Migrating from Ghost to Jekyll and Github Pages

6 minute read

As previously posted, I performed a migration from my prior setup, running Ghost, to this current setup using Jekyll as my content generator and hosting the site on Github Pages. This post won’t be a full technical how-to, but it will describe, at a high level, the reasoning behind the migration, a bit about my experience along the way, and some of my workflow on the new platform.

The Why

I work in IT security, so to an extent I am paid to be paranoid. I perform risk assessments where it is my job to help clients identify areas of risk within their IT operations, and I perform technical penetration testing where I get to “kick the tires” of my clients’ environments, proving areas of weakness by demonstrating real-world attacks.

With this experience in commercial environments, I also apply similar evaluations to my home network and the various toys tools that I play work with. For some time I hosted this blog in a virtual instance running within a physical server that I own, on my own Internet connection. There are various security implications present there, which always made me a bit uneasy, but I took measures to harden the system: minimizing the services running, keeping all aspects of the system (hypervisor, guest OS, software) patched, and I monitored it for strange activity. So when I discovered that the software that powered the blog had begun eating up 100% of my CPU, I grew understandably worried.

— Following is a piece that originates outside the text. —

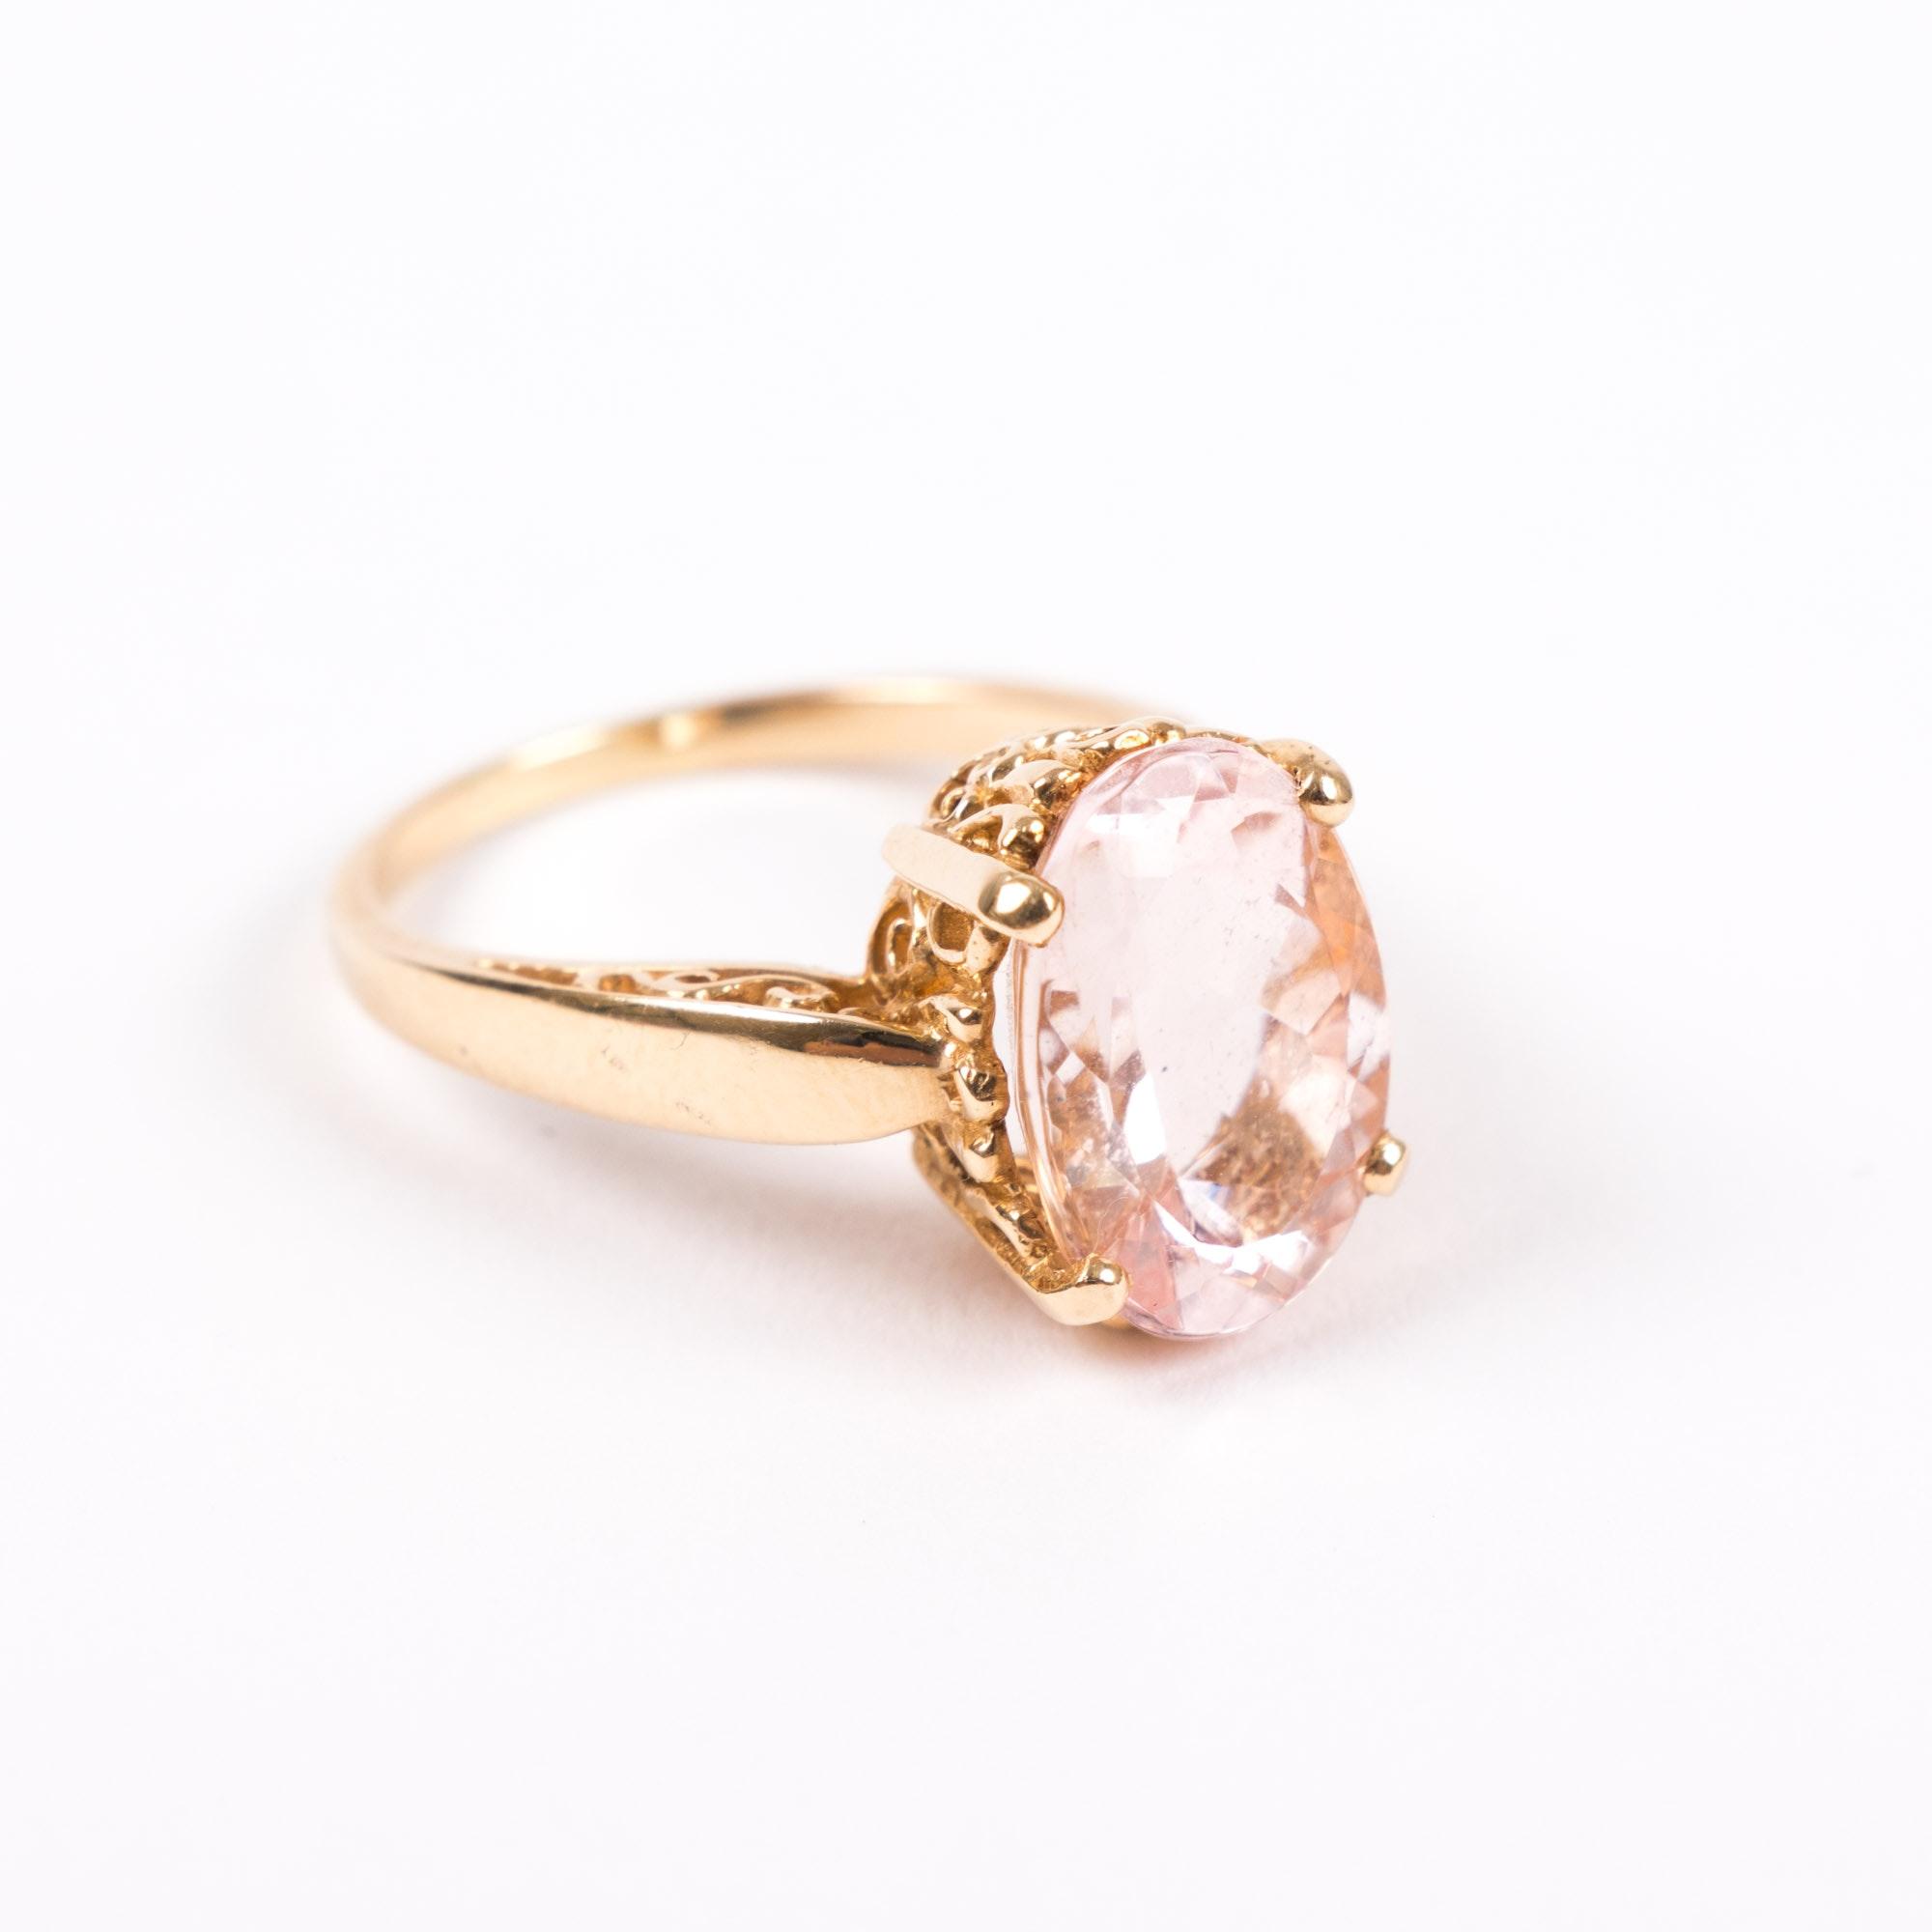 14K Yellow Gold and 5.38 CT Morganite Ring
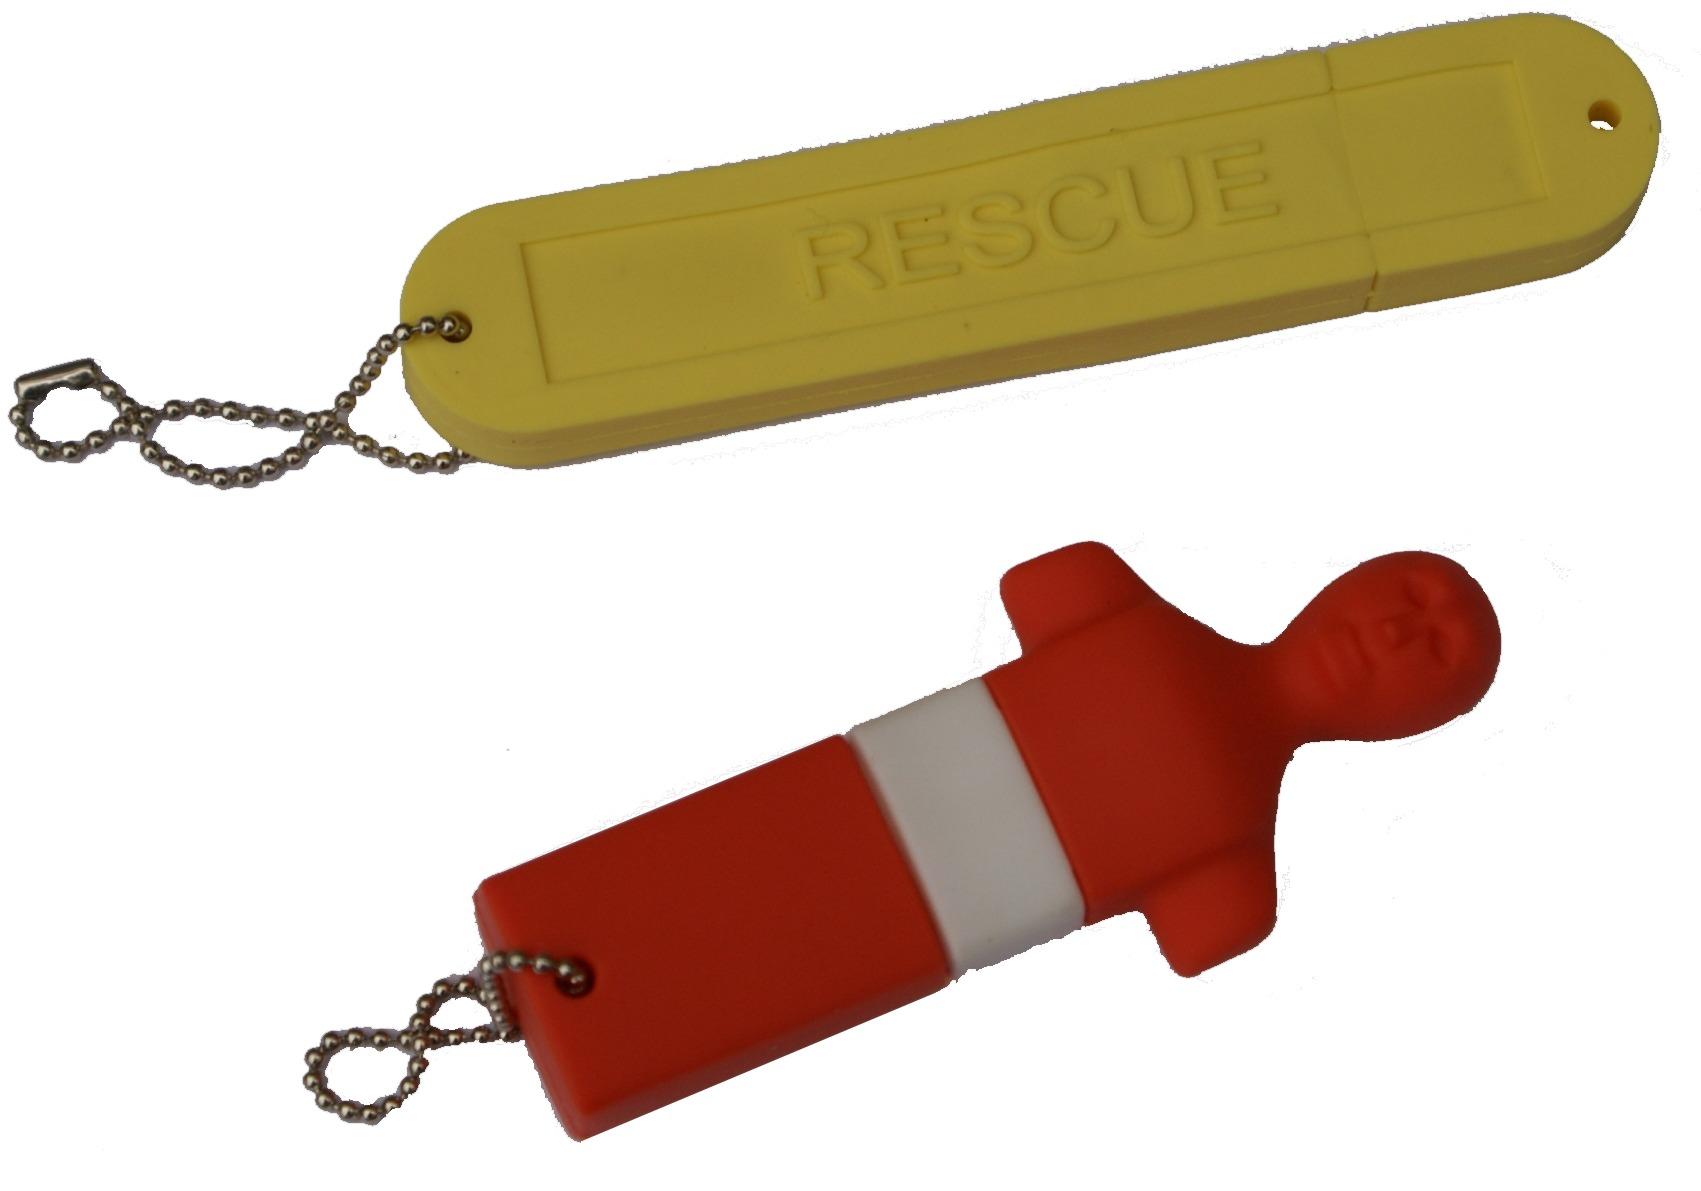 USB stick manikin and tube

Initially, I worked to try and resolve the issue. Upon reboot, CPU usage went back down to normal, so at first I though there might have been a bug. The CPU usage returned, however. I got as far as tracing it down to the node.js process (the workhorse of the platform) but I didn’t get any further than that since by default there is no debugging available on Node. In troubleshooting the problem, I reached a state where the system would immediately use 100% CPU upon boot, with no delay (where before that, there had been some time period of the system running normally before the high utilization appeared). I found a reference that described a way to debug further, but I was faced with a decision on how to approach this situation in the context of my own personal threat model. I considered there two be two likely possibilities that would explain the CPU utilization:

  1. There was a bug in the version of node.js used by Ghost, which resulted in capping the CPU. I did not identify any overt malicious activity on the system, so this seemed likely.
  2. I had been infected by some kind of malware that targeted Ghost/Node/other libraries used on the server. Since there were no obviously harmful symptoms, a cryptocurrency miner was the most likely culprit, if it was malicious.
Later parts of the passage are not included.